Another Standard Model
Back in 2004 I summarized the new Standard Model of computing. I was taught its predecessor, which included:
- a character-oriented editor (usually Vi or Emacs);
- C (which mutated into C++);
- Unix command-line tools like
cat
andgrep
; - lines of text as a data exchange format;
- Make for task automation;
- CVS for version control; and
- “power tools” like Yacc and Awk for more complex tasks.
By 2004, that had become:
- Eclipse and its many plugins for editing;
- Java;
- XML as a data exchange format;
- Ant for building and JUnit for testing;
- reflection and things it enabled, like JavaBeans; and
- an online project dashboard that includes a ticket manager and a searchable mailing list archive.
So what’s in the standard model of the early 2020s?
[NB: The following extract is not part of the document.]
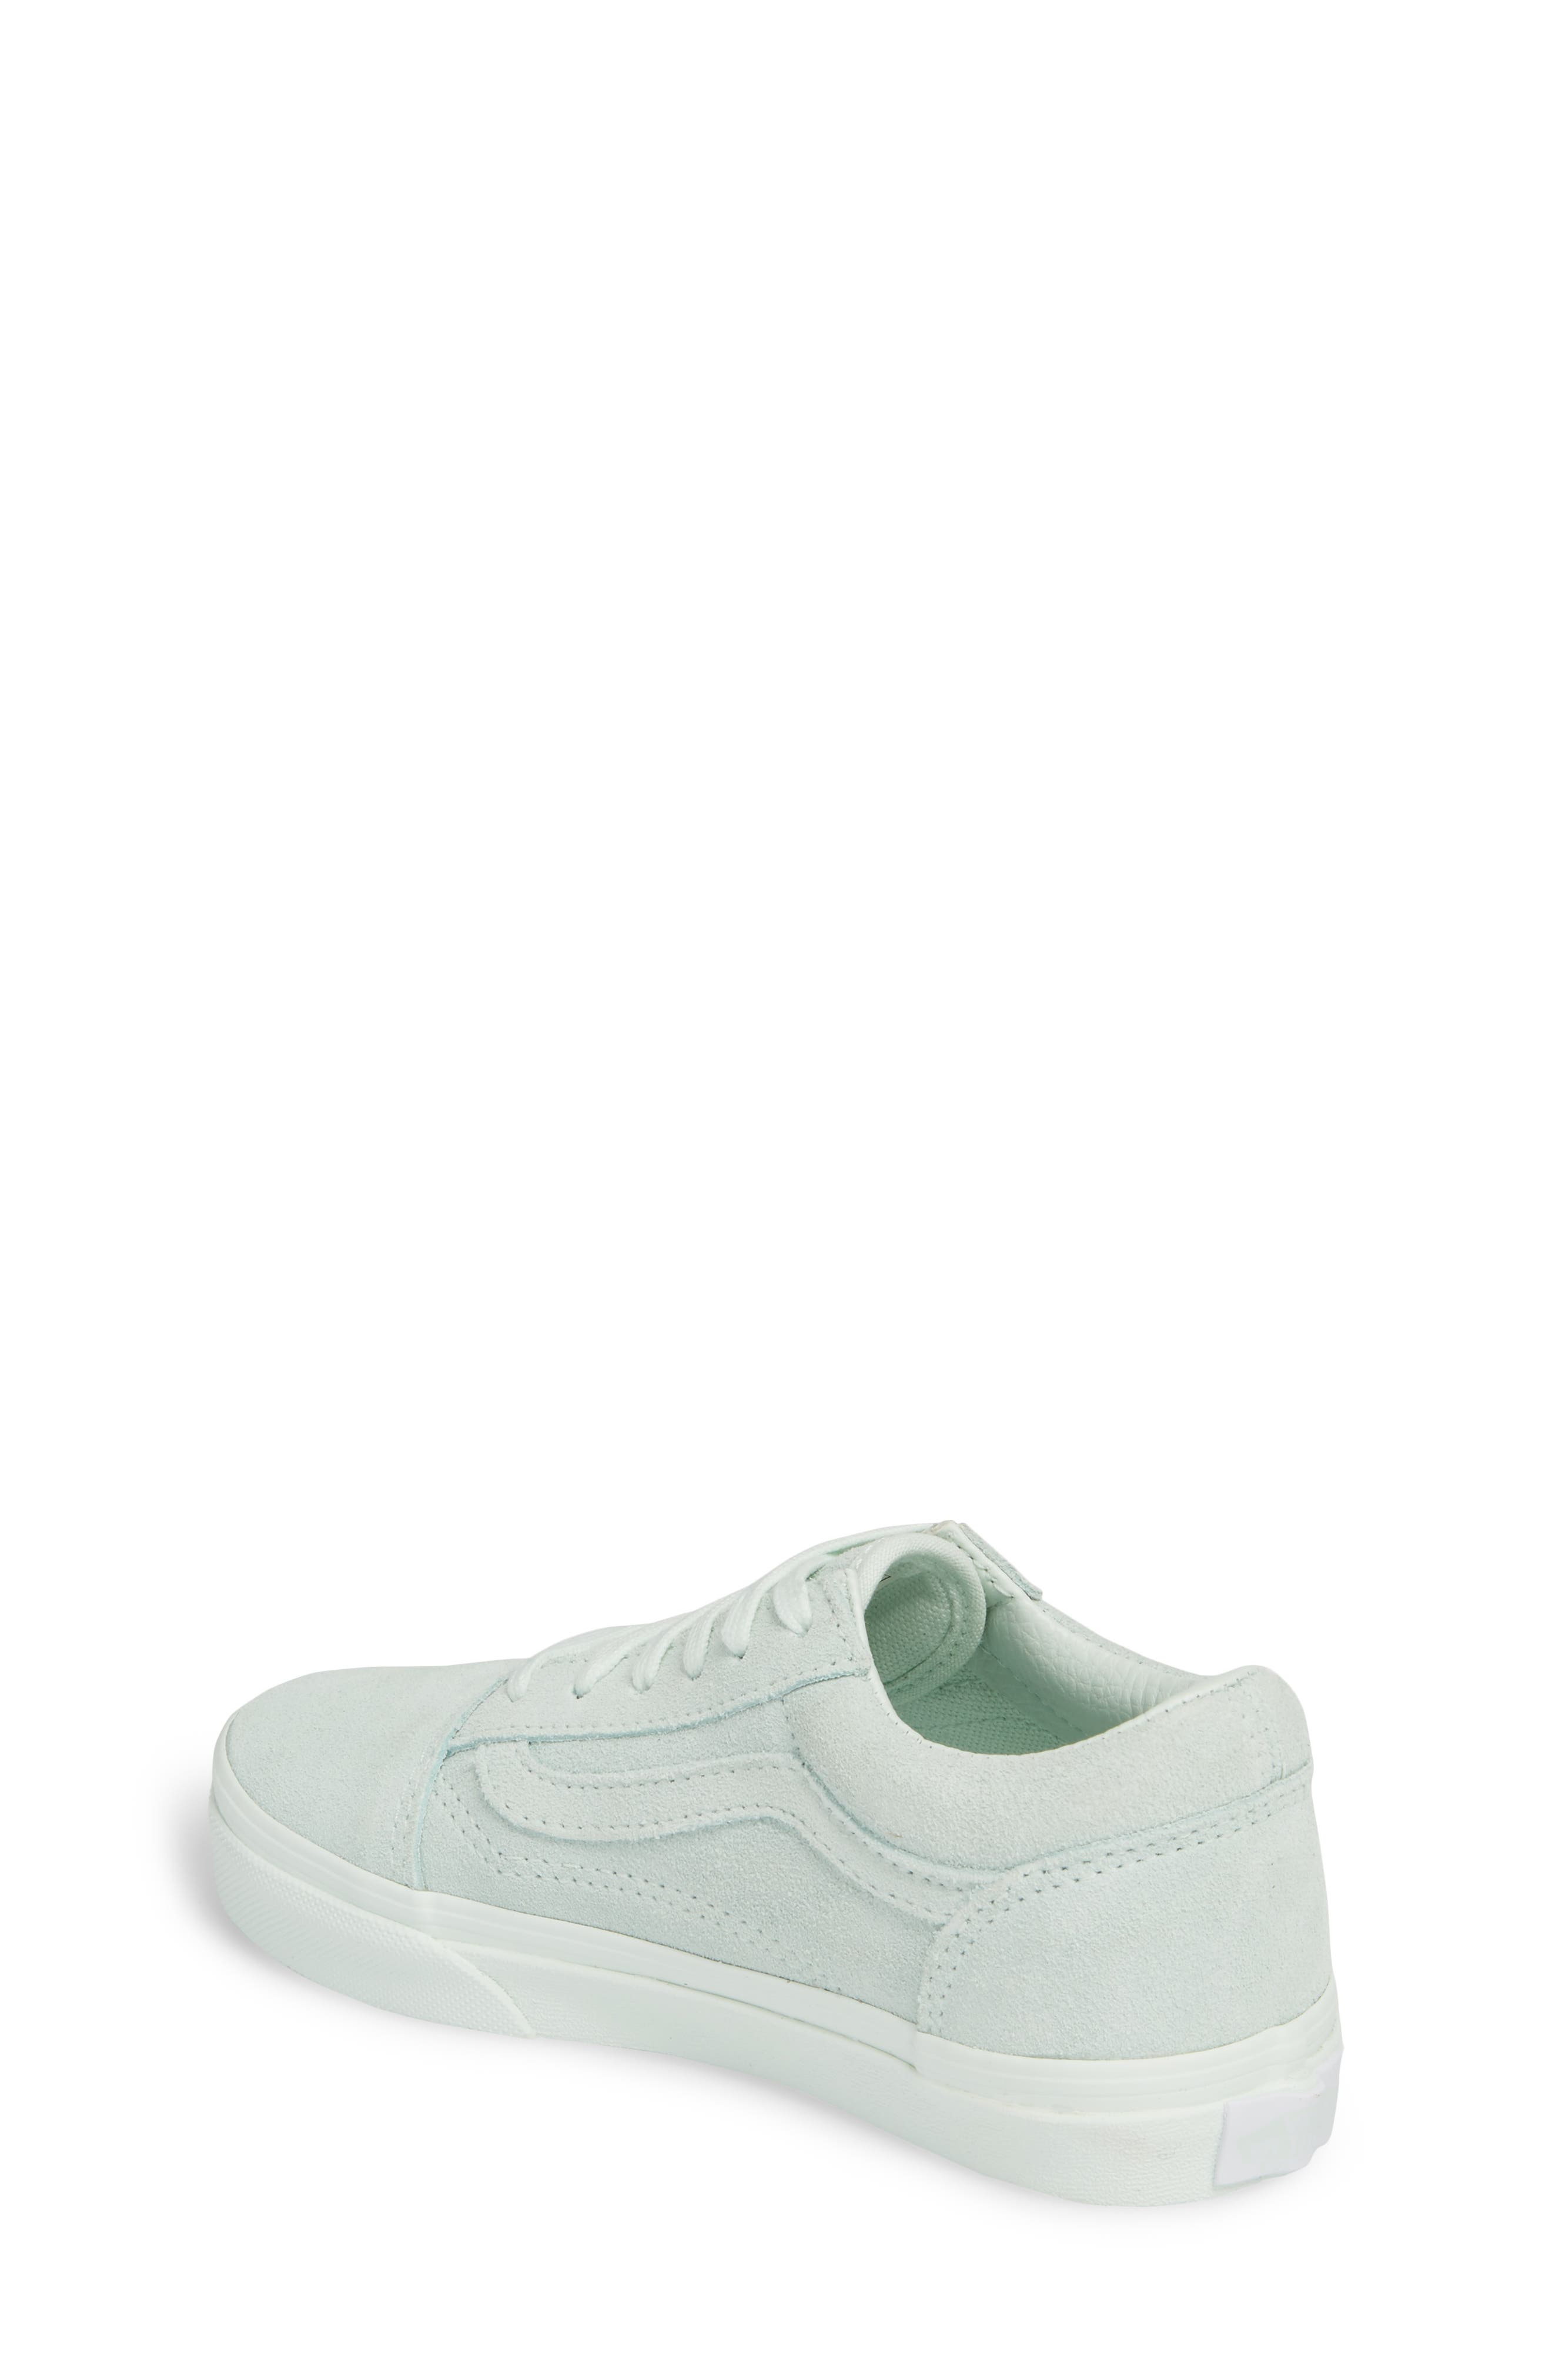 Old Skool Low Top Sneaker,                             Alternate thumbnail 2, color,                             300

Based on my experience over the last four years, my first stab is:
- Python and a relational database (SQLite or Postgres);
- HTTP and JSON for data exchange;
- JavaScript and a front-end framework (e.g., React);
- Docker and [name of cloud goes here] for deployment;
- Slack for communication;
- Git for version control;
- GitHub as a project dashboard;
- GitHub again for linting and testing; and
- Stack Overflow as an external brainspace expander.
Lots of substitutions are obviously possible, like Mongo instead of a relational database or Linear instead of GitHub for issues, but I think this is the baseline against which variations are defined. If I’ve missed anything or included anything that you think people don’t now take for granted, please let me know.